Dieses Cover hat Symbolcharakter - als erstes Plus-Size-Model zierte Ashley Graham im Februar diesen Jahres Den Titel der „Sports Illustrated“.
Das erfolgreichste XL-Model der Welt designte schon für ""Addition Elle"" und stand anschließend selber vor der Kamera. Ja, kurvige Models sind im Mainstream angekommen. Berühmte Plus-Size-Models wie etwa Robyn Lawley, Candice Huffine oder eben auch Ashley Graham sind längst zu Stars der Modeszene geworden. Sie haben mehrere Millionen Follower auf Instagram und Aufträge von großen Labels. Kein Wunder, dass Paparazzi Ashley und Co. längst nicht mehr unbeachtet lassen.

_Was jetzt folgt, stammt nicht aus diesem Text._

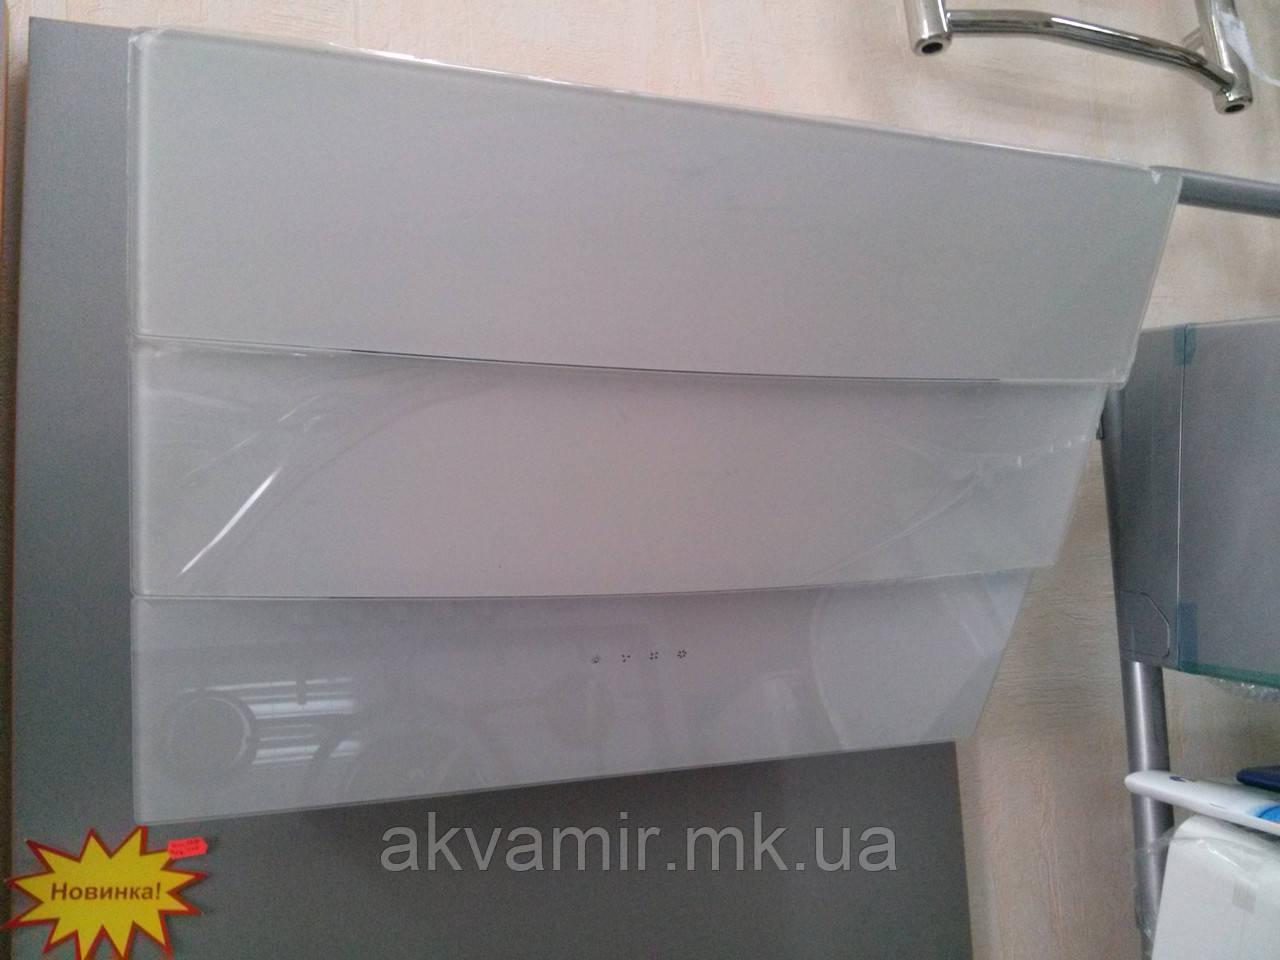 Вытяжка для кухни Fabiano Stella 60 White (белая) наклонная

Eine Entwicklung die David Watkinson, Chef der britischen Modelagentur 12+, die sich auf kurvige Models spezialisiert haben, freut. Er sagt: „Die Brands haben gemerkt, dass sich etwas verändert hat“. Und damit hat er garnicht so unrecht. Modelables wie Victorias Secret, die quasi definieren was sexy ist, sollen derzeit an Plus-Size-Kollektionen arbeiten. Ein schöner Trend, denn er beweist: Man muss nicht Kleidergröße 34 tragen, um sexy zu sein.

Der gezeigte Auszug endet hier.